Pushpay’s acquisition of Church Community Builder, a US-based leading provider of church management system (Chms), in December 2019 proved to be “God’s gift”. The acquisition complemented Pushpay’s custom community app and donation solution, such that online churches could manage administrative affairs and ensure church announcements, sermon streaming, and mobile giving were maintained throughout the quarantine period. We argue Pushpay’s integrated system for churches poses as a powerful competitive advantage that differentiates them from other payment process services like PayPal and Stripe.

We are also very encouraged by Pushpay’s total processing volume growth rate, as a key component of their revenue is the processing fee of 1.8%. In FY20, total processing volume increased by 39%, amounting to US$5 billion, which is expected to grow more as Pushpay states most churches see a 76% growth in recurring givers in their first 6 months without losing current givers.

With social distancing restrictions expected to continue, Medallion is encouraged by Pushpay’s prospects as revenues and gross operating margins jump, all while total operating expenses improve.

At Medallion, there is a strong emphasis on the founder and management team’s involvement, as we believe it increases the likelihood of management’s interests aligning with shareholder interests. Hence, we find co-founder Chris Heaslip and Directors’ equity stake amounting to 49.7% encouraging, as it suggests there is a vested interest for management to grow the company.

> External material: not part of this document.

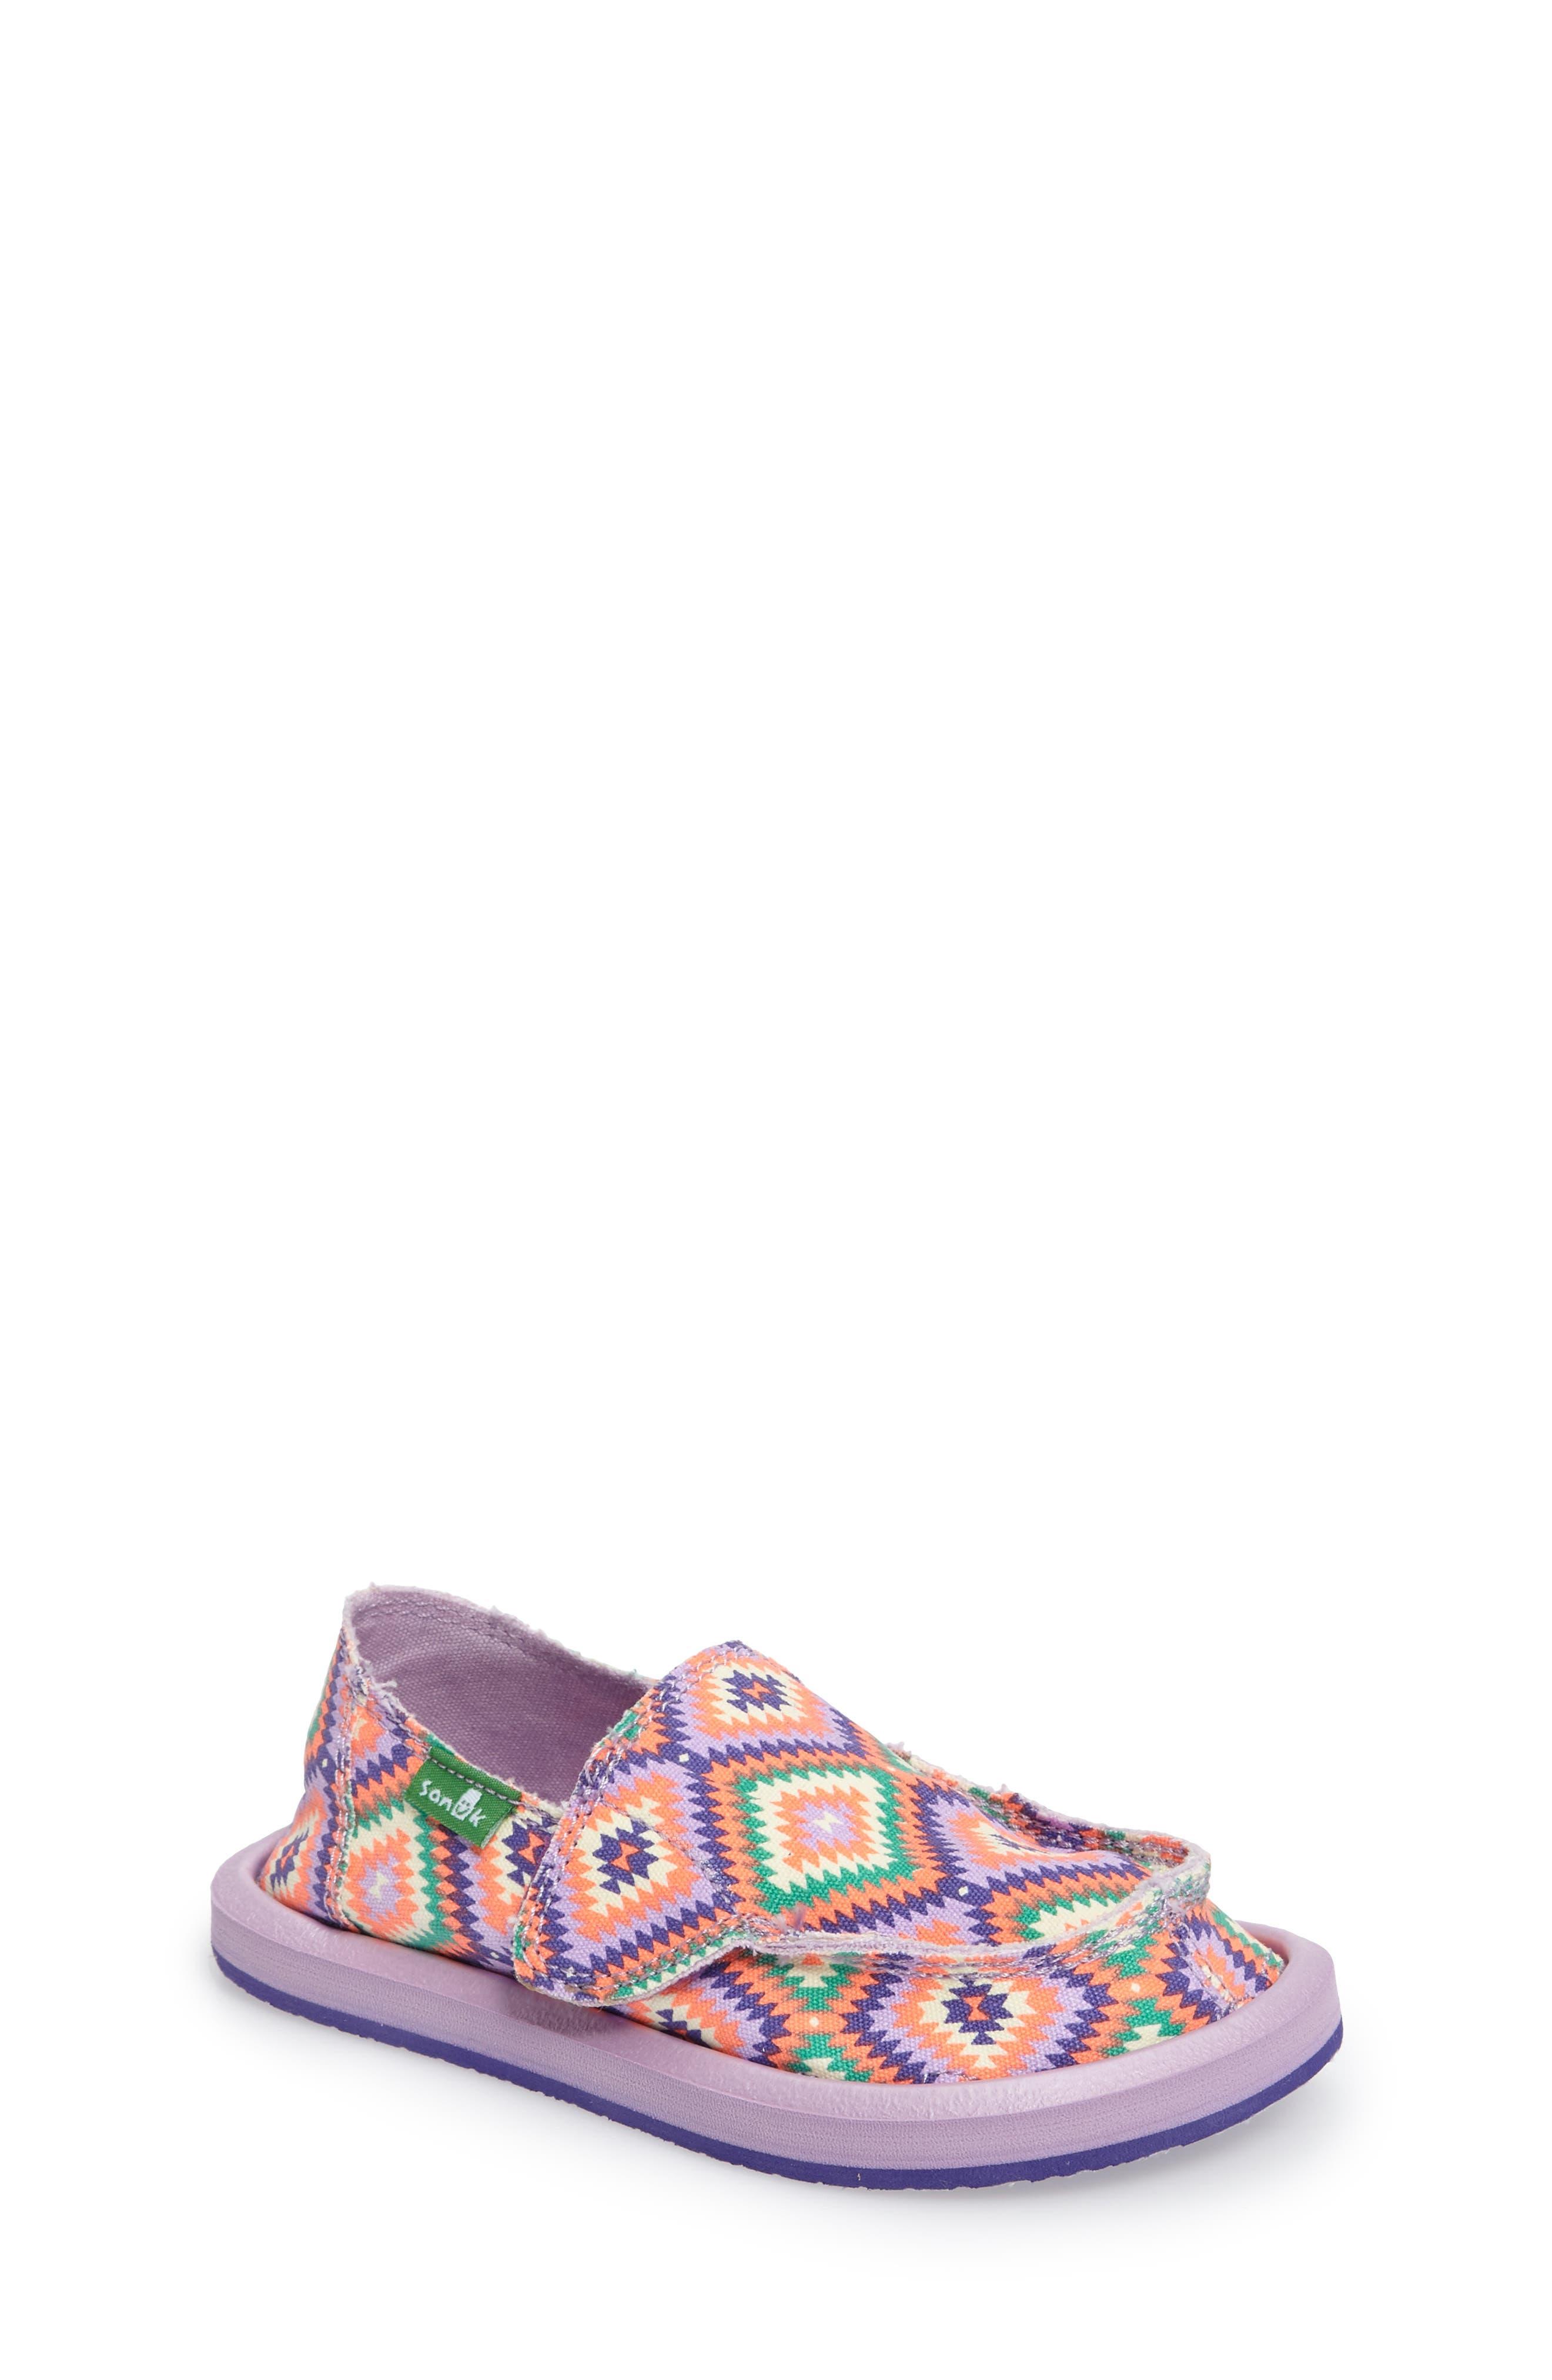 Donna Slip-On Sneaker,                             Main thumbnail 1, color,                             556

We view it as a great opportunity to take a position in a business that is rapidly growing their customer base, revenue, and margins, both organically and through targeted acquisitions. While Pushpay’s customers are predominantly North American, it is important to consider the prospects of global expansion, given the world’s Christian population is 2.3 billion.

Important: This content has been prepared without taking account of the objectives, financial situation or needs of any particular individual. It does not constitute formal advice. Consider the appropriateness of the information in regard to your circumstances.